Rund ein Fünftel machen Personen aus, die Kinder erziehen oder Angehörige pflegen. Sie werden in der Kategorie Nichterwerbstätigkeit zusammengefasst. Dazu gehören auch Bürgergeldbezieherinnen und Bürgergeldbezieher, die über längere Zeit krank sind.
Darüber hinaus zählen auch Personen nicht als arbeitslos, die an einer Fördermaßnahme teilnehmen. Deutsch- oder Integrationskurse und arbeitsmarktpolitische Maßnahmen wie zum Beispiel Umschulungen gehören ebenfalls dazu. Rund 10% der erwerbsfähigen Leistungsberechtigten absolvieren eine Fördermaßnahme.
Etwa vierzig Prozent aller erwerbsfähigen Leistungsberechtigten sind arbeitslos. Sie haben zurzeit keine Arbeit oder arbeiten weniger als 15 Stunden pro Woche, suchen eine Arbeit und können auch kurzfristig eine Stelle antreten.
Diese sind nicht unbedingt langzeitarbeitslos. Dazu zählt nur, wer länger als ein Jahr arbeitslos ist. Tatsächlich trifft das nur auf knapp die Hälfte der arbeitslosen erwerbsfähigen Leistungsberechtigten zu. Das liegt daran, dass der Anspruch auf Bürgergeld und die Arbeitslosigkeit unabhängig voneinander sind und zu unterschiedlichen Zeitpunkten beginnen können. Dazu einige Beispiele:
Frau Berg hat einige Zeit später ihre Stelle im Schnellrestaurant verloren. Sie hatte ja schon während der Beschäftigung Bürgergeld erhalten. Ihre Arbeitslosigkeit beginnt dann erst zu dem Zeitpunkt, ab dem sie nicht mehr im Schnellrestaurant beschäftigt ist. Die Zeitpunkte von Beginn des Leistungsbezugs und der Arbeitslosigkeit fallen also auseinander.

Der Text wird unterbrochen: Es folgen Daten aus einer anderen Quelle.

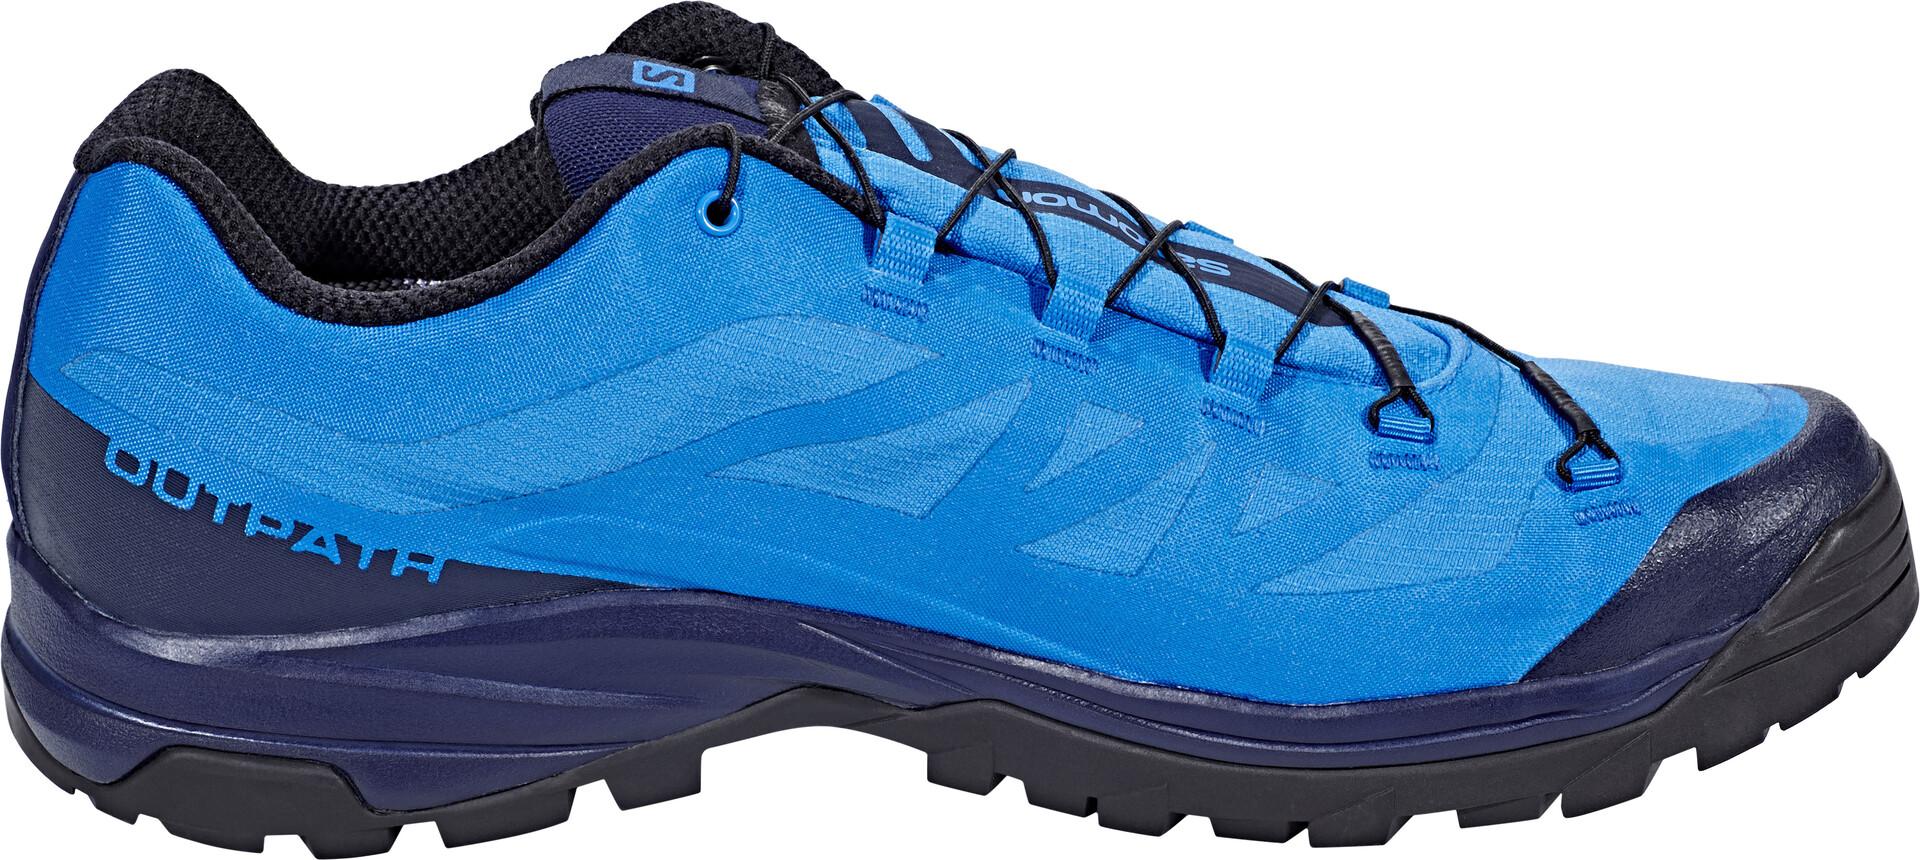 Salomon Outpath Homme sur CAMPZ bleu GTX Chaussures wOZ08XNPkn

Ähnlich ist es bei Frau Falk. Sie ist alleinerziehend und nach der Trennung von ihrem Partner auf Bürgergeld angewiesen. Ihre jüngste Tochter ist zwei Jahre alt und wird von ihr betreut. Deshalb muss Frau Falk zunächst keine Beschäftigung aufnehmen und zählt auch nicht als arbeitslos. Das wird sie erst, wenn ihre Tochter drei Jahre alt wird und sie bis dahin keine Stelle gefunden hat. Sie wird also ebenfalls erst nach einiger Zeit des Bürgergeldbezugs arbeitslos.
Anders bei Herrn Bode: Er wurde entlassen und hat 15 Monate lang Arbeitslosengeld erhalten. In dieser Zeit konnte er keine neue Beschäftigung finden und war arbeitslos. Seitdem sein Arbeitslosengeldanspruch ausgelaufen ist, bezieht er Bürgergeld. Obwohl der Bürgergeldbezug erst begonnen hat, gilt er bereits als langzeitarbeitslos, weil die vorhergehenden Arbeitslosigkeitszeiten ebenfalls berücksichtigt werden.
Sie sehen: Es gibt zwar Zusammenhänge zwischen Arbeitslosigkeit und Langzeitarbeitslosigkeit auf der einen Seite und Bürgergeldbezug auf der anderen Seite. Aber das Eine bedeutet nicht automatisch das Andere.